Damián apretó el tallo de su copa. Las palabras de ella le dolieron de una forma que no esperaba. —La visibilidad es un arma de doble filo, Elena. Yo pasé mi vida tratando de ser invisible para sobrevivir.
—¿Por qué? —preguntó ella, bajando la voz—. ¿Qué fue lo que le pasó que lo dejó tan... roto?
Damián se tensó. Por un momento, el comedor pareció oscurecerse. Las sombras de las velas bailaron en las paredes de mármol. El trauma, ese monstruo que vivía en el sótano de su memoria, asomó la cabeza.
—Mi madre era una mujer hermosa —comenzó él, su voz era ahora un hilo de seda fría—. Y mi padre era un hombre que amaba demasiado... de la forma equivocada. Él creía que el amor era control. Ella intentó huir tres veces. La última vez, él decidió que si no podía tenerla, nadie lo haría. Me obligó a mirar, Elena. Me obligó a ver cómo destruía la belleza porque no podía poseerla.
Elena sintió un nudo en la garganta. El voyerismo de Damián no era una perversión sexual simple; era una herida abierta. Él miraba porque era la única forma en que aprendió a "estar" sin ser destruido.
Después de la cena, Damián la acompañó a su habitación. Pero al llegar a la puerta, no se despidió. Entró con ella.
El dron de vigilancia ya no estaba en el techo. En su lugar, el aire estaba cargado con una tensión que ningún dispositivo podía captar. Damián se acercó a la cama y se sentó en el borde, indicándole a Elena que se acercara.
—No puedo dormir, Elena —confesó él, mirando sus propias manos—. Cada vez que cierro los ojos, veo el contrato. Veo a ese hombre tocándote. Y me odio por haberlo permitido. Pero me odio más porque ahora que te tengo aquí, mi cuerpo me traiciona.
Elena se arrodilló frente a él, quedando a la altura de sus rodillas. Con una valentía que no sabía que tenía, tomó las manos de Damián entre las suyas. Él dio un respingo, sus músculos se tensaron como cuerdas de piano, pero no se alejó.

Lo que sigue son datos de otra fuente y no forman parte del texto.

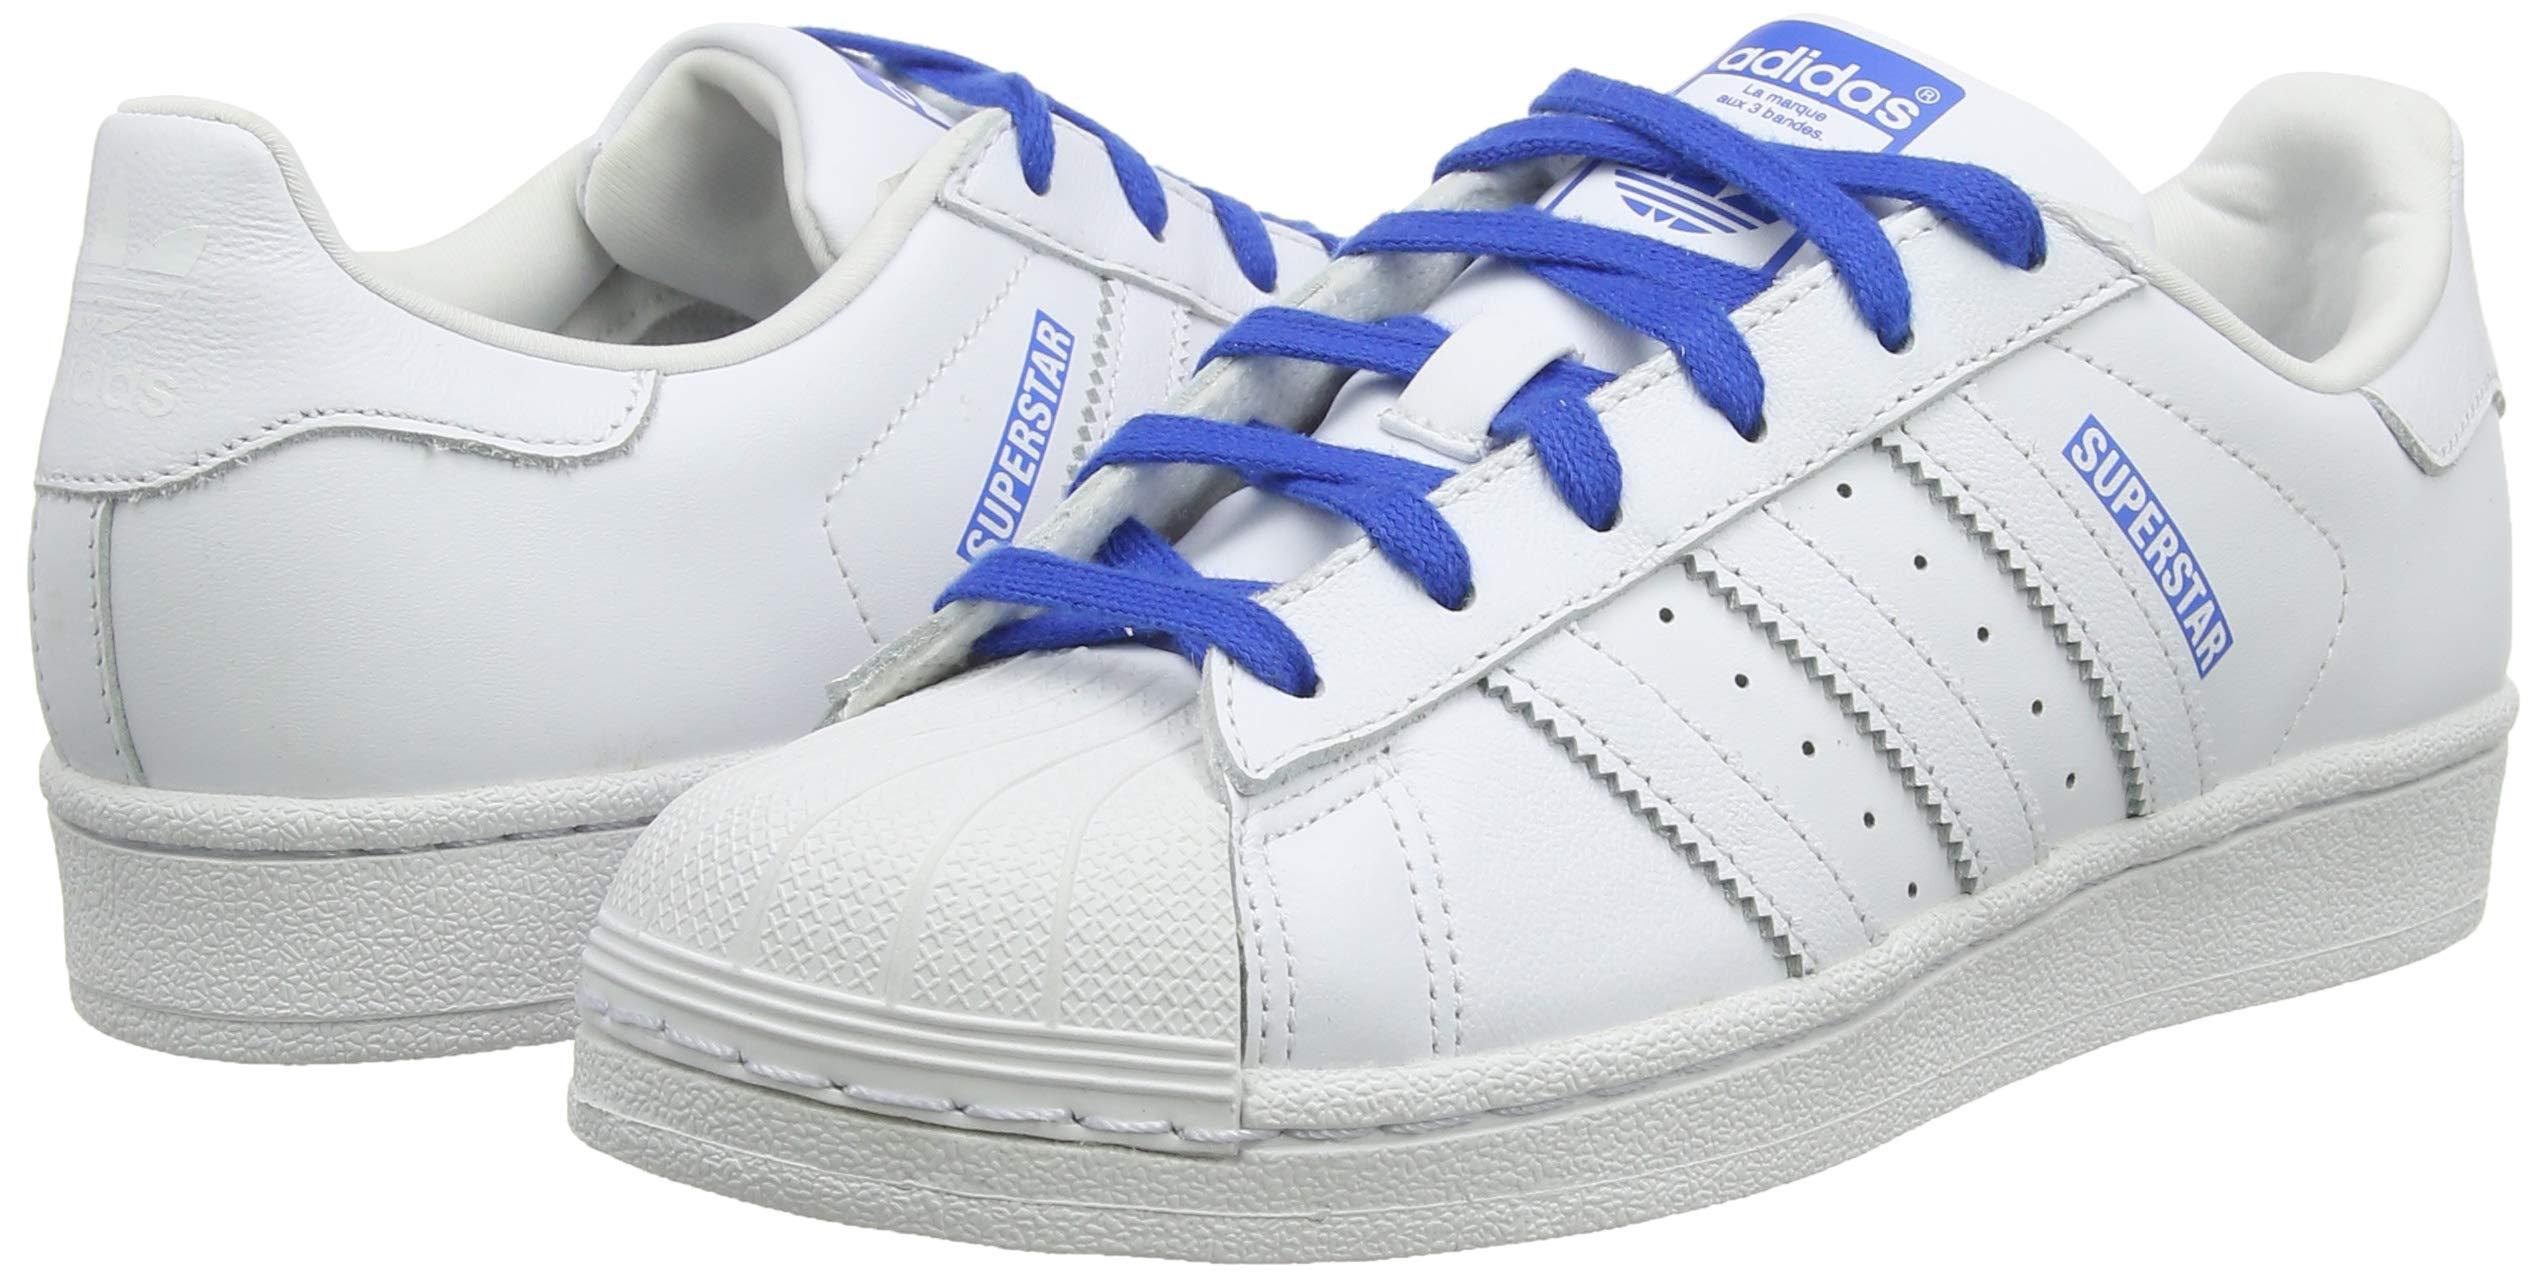 adidas Superstar J, Scarpe da Ginnastica Unisex-Bambini 10 spesavip

—No tiene que ser como lo que vio de niño —susurró ella—. Usted no es su padre. Y yo no soy una víctima. Estoy aquí por mi propia voluntad ahora.
Damián la miró, y por primera vez, Elena no vio al millonario arrogante, sino al niño herido que seguía buscando seguridad en las sombras. Él se inclinó hacia ella, enterrando su rostro en el hueco de su cuello. No hubo sexo, no hubo cámaras. Solo hubo el sonido de dos respiraciones tratando de encontrar un ritmo común.
Sin embargo, en el mundo de Damián Blackstone, la paz era un espejismo.
Mientras él se aferraba a ella, en el piso de abajo, una de las pantallas de seguridad del búnker se encendió. Alguien había hackeado el sistema. Una imagen de Elena en la Habitación de los Espejos, del capítulo anterior, estaba siendo enviada a una dirección anónima.
El suspenso estaba a punto de golpear la puerta. Alguien más los estaba observando, y ese alguien no buscaba placer, sino venganza.
Damián levantó la cabeza, su instinto de cazador alertándolo de que algo no estaba bien. Miró a Elena con una intensidad renovada, una mezcla de amor naciente y una obsesión protectora que rozaba la locura.
—Nadie te volverá a tocar, Elena —juró él, su voz volviéndose oscura de nuevo—. Porque el que lo intente, descubrirá por qué me llaman el dueño de las sombras.